» **TASK INPUT**:

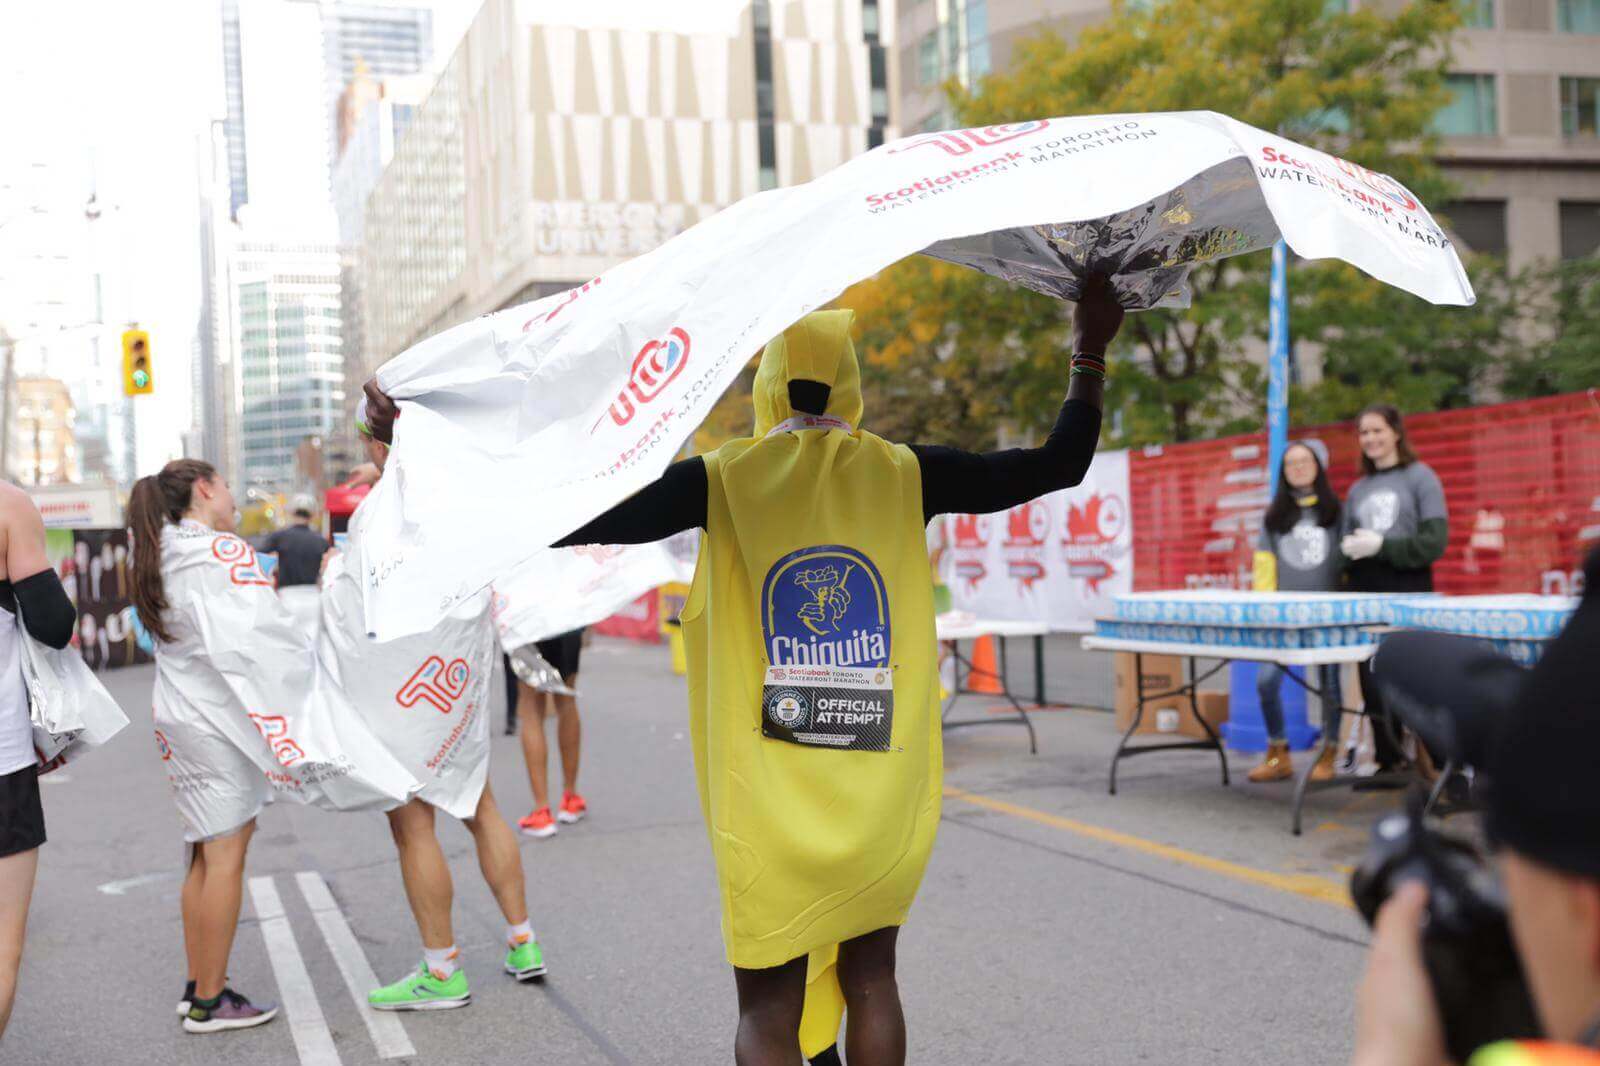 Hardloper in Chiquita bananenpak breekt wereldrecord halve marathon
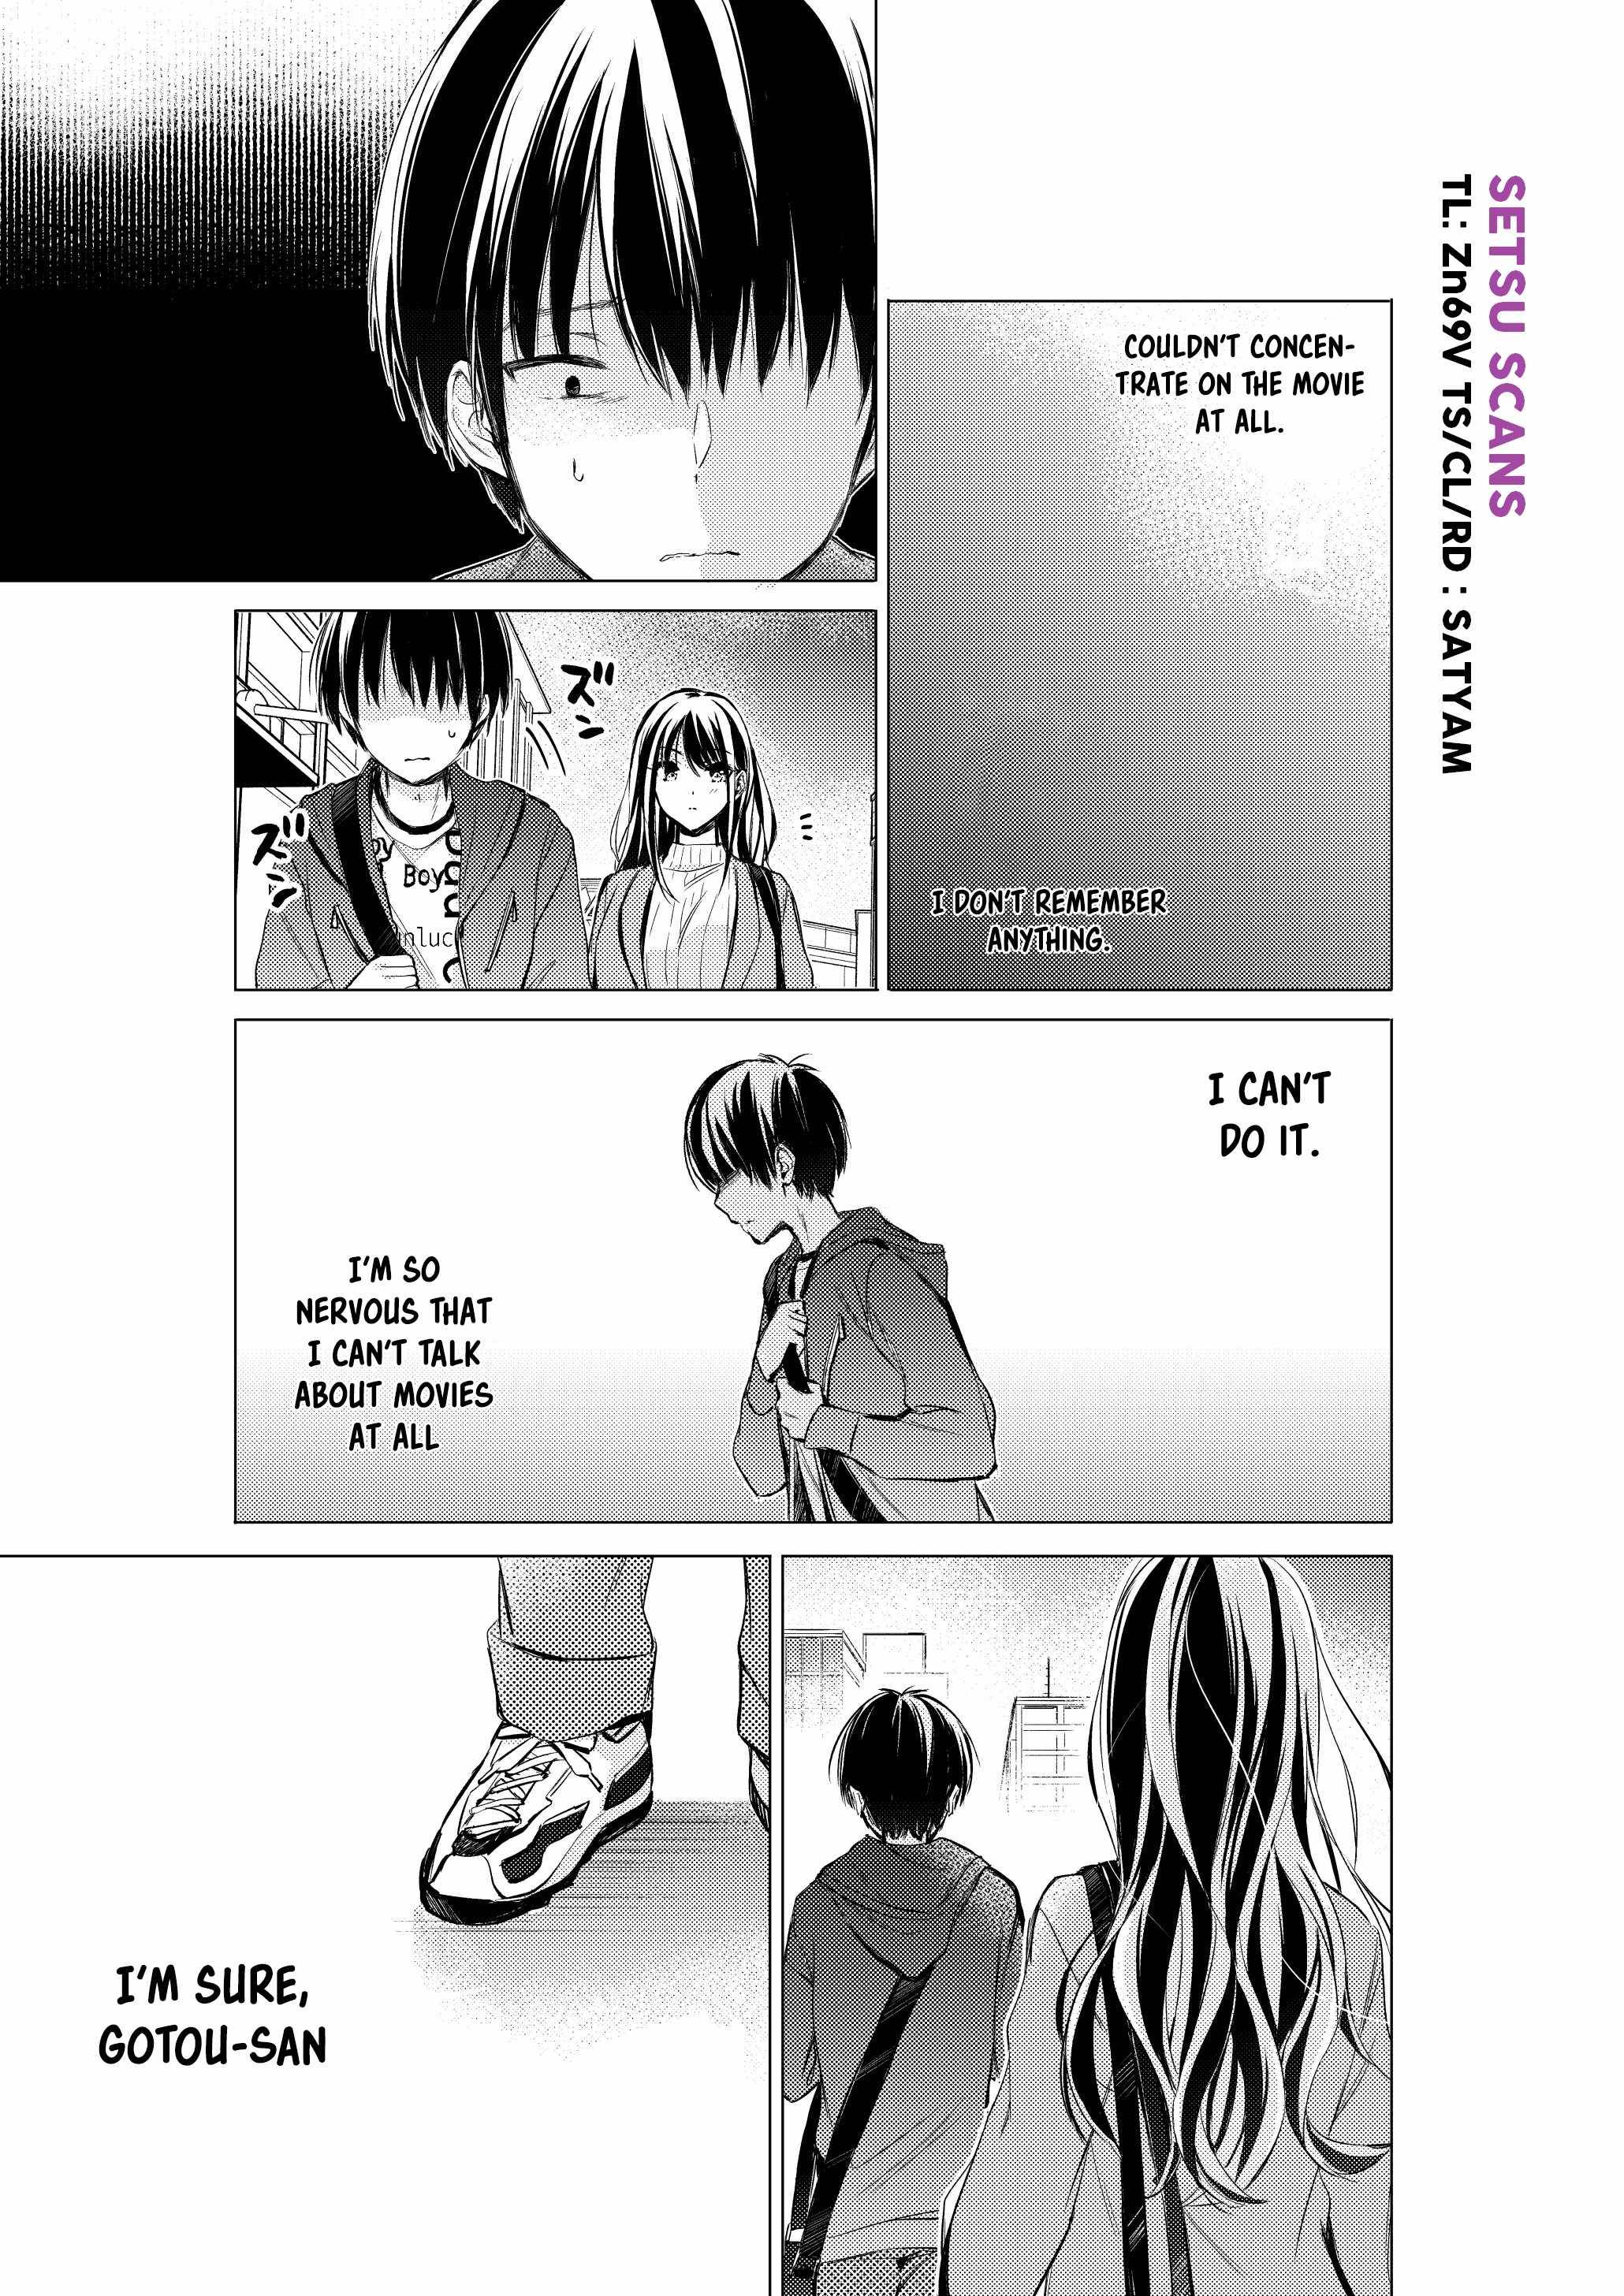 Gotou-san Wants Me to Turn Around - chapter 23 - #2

...

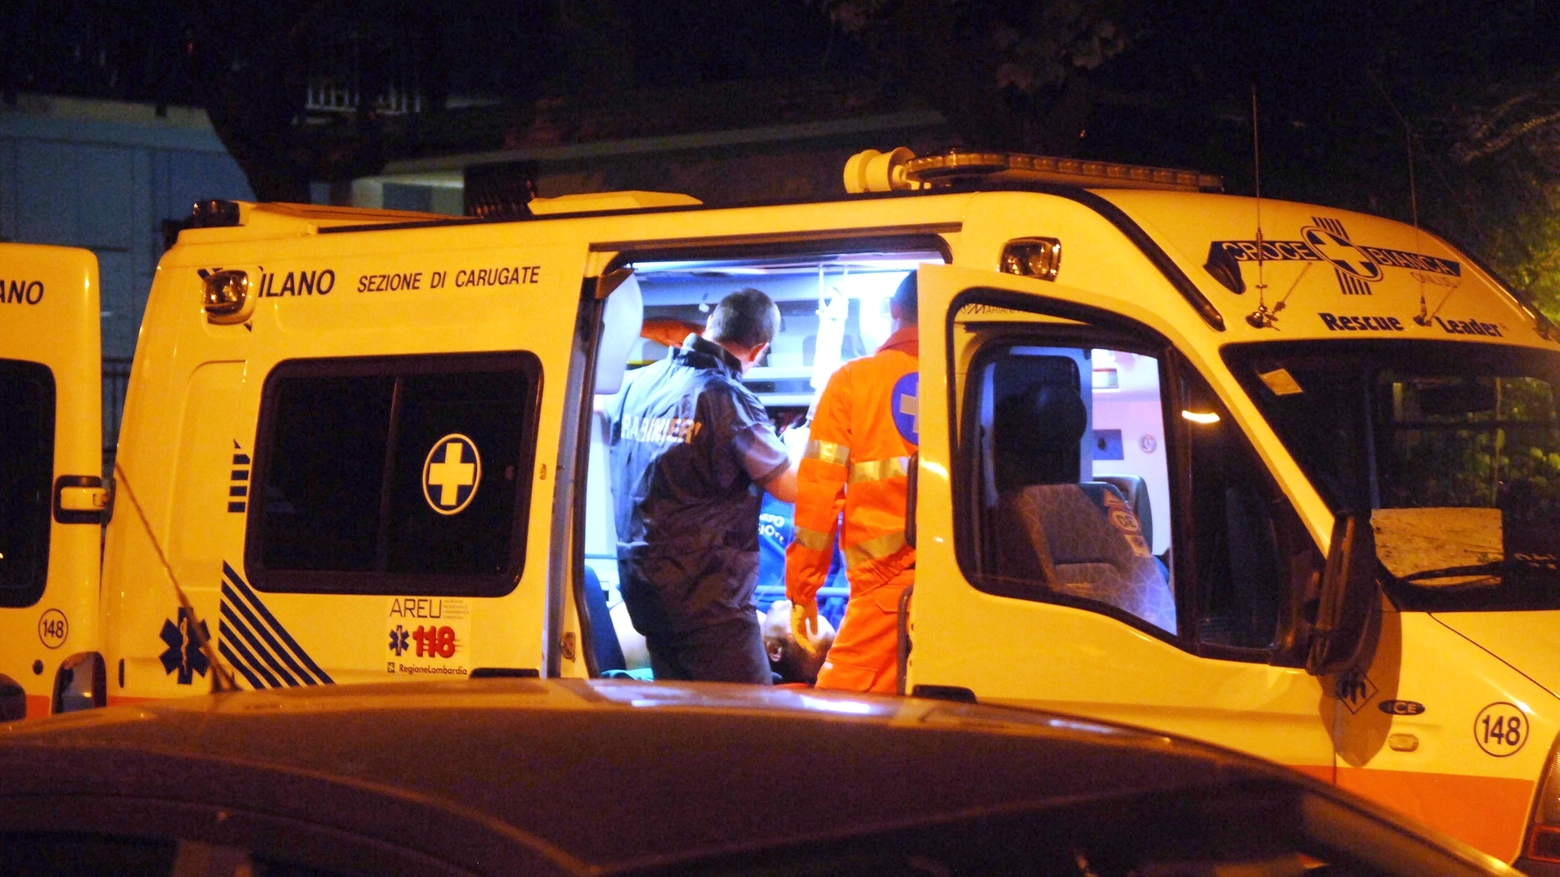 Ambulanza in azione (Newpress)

» **TASK REQUIREMENTS**: Return word for word the lines of the listing above, starting at the line with "Hardloper in Chiquita" and ending at the line with "Gotou-san Wants Me", both included. Pictures do not belong in the copy.

» **REPLY TO THE TASK**:
 Hardloper in Chiquita bananenpak breekt wereldrecord halve marathon
 Gotou-san Wants Me to Turn Around - chapter 23 - #2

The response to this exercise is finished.